- Born: 1978
- Citizenship: Eritrea
- Occupation: Actor

= Rudwan Khalil Abubaker =

Canadian actor

Rudwan Khalil Abubaker (1978–2004) was a Canadian independent film actor and amateur model from Vancouver, British Columbia, who was killed by Russian security forces in Chechnya on October 7, 2004.

His family came to Canada from Eritrea as refugees with their four children. Abubaker was accepted into Vancouver Community College to study information technology. A member of the Dar al-Madinah Islamic Society Mosque in Vancouver, He was a "gentle" man who loved soccer and hip hop music. He had just finished the Hajj and visiting relatives in Dubai and was headed to a wedding in Azerbaijan with his friend Kamal Elbahja.

I would like to see the Imams who send young people over to die charged.
— Phil Rankin, lawyer for Abubaker's family

While in Dubai, Abubaker phoned his family to tell them that he was considering staying in the region to open a hip-hop storefront, and that Elbahja was going to head off to Russia.
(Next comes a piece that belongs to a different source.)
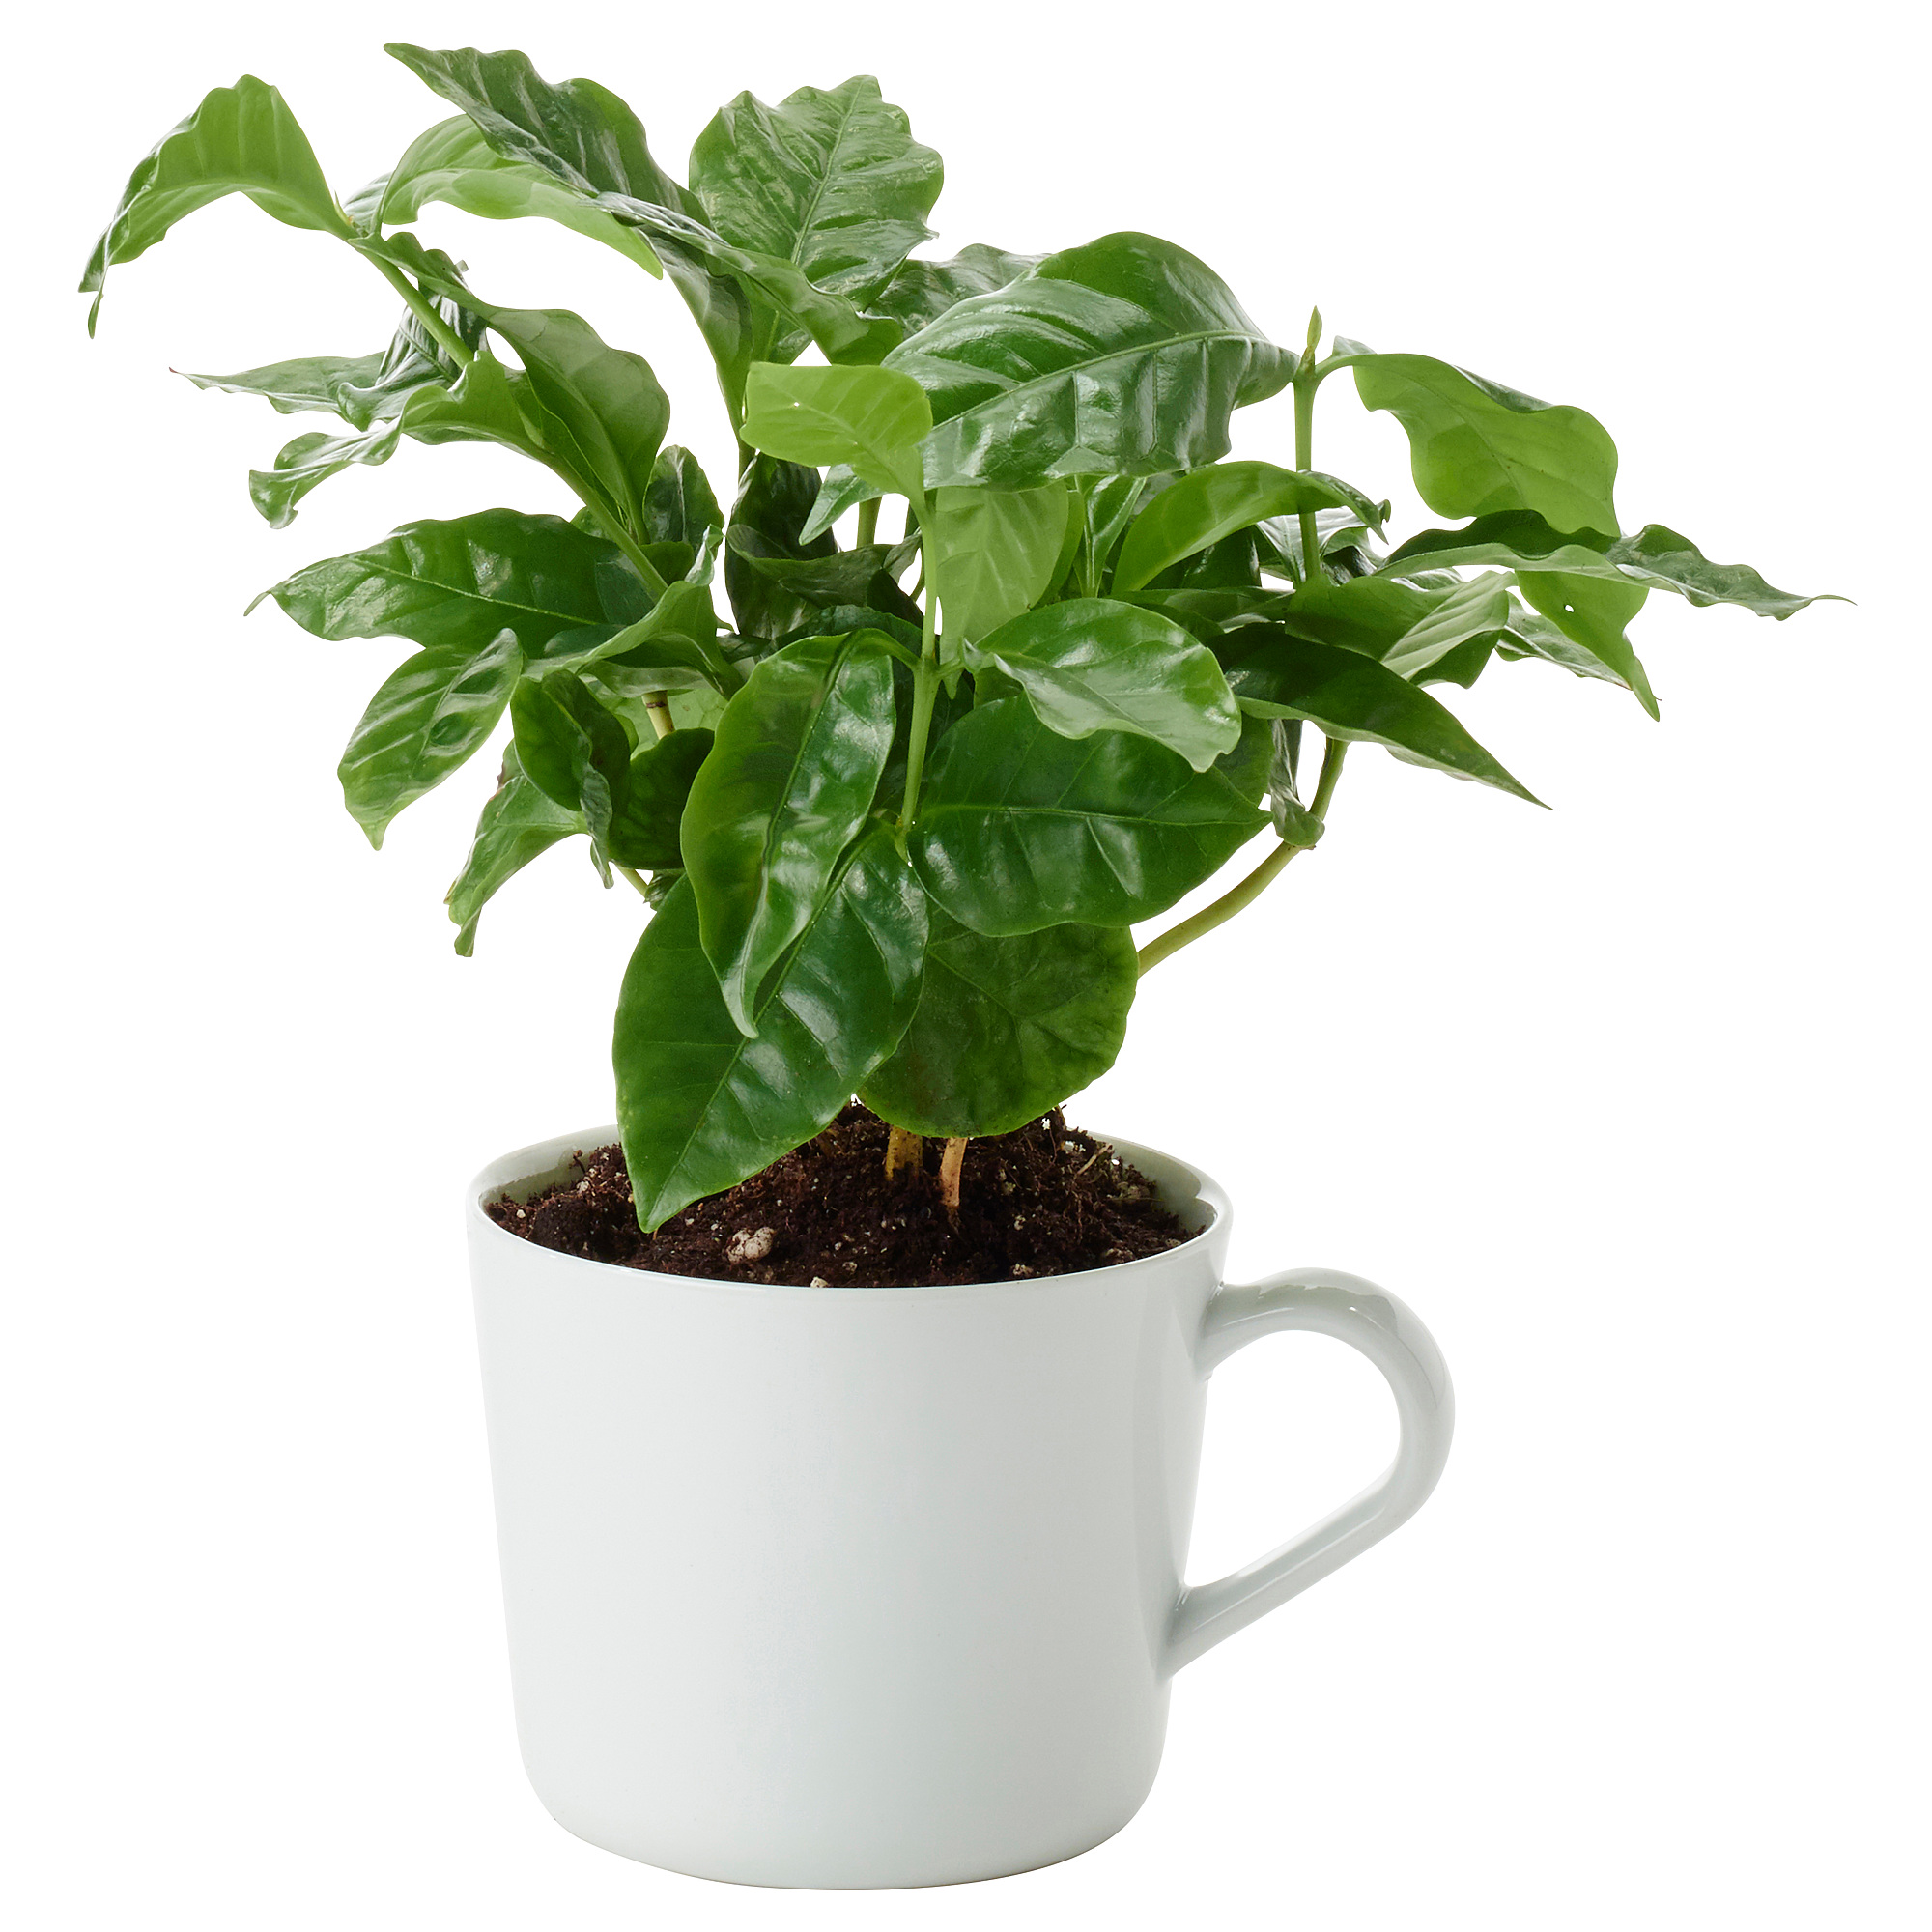 Домашние растения кофе арабика. Цветок кофе Арабика. Комнатное растение Coffea Arabica. Кофейное дерево кофе Арабика. Coffea Arabica /кофе Арабика.

Abubaker's body was identified by his driver's license and Canadian passport, which showed that he had been to London and Amsterdam. When his family asked for his body, Russia refused stating that it had been buried where he fell. Russia claims he was an explosives expert. His family was represented by lawyer Phil Rankin, who had earlier defended Essam Marzouk during his application for refugee status.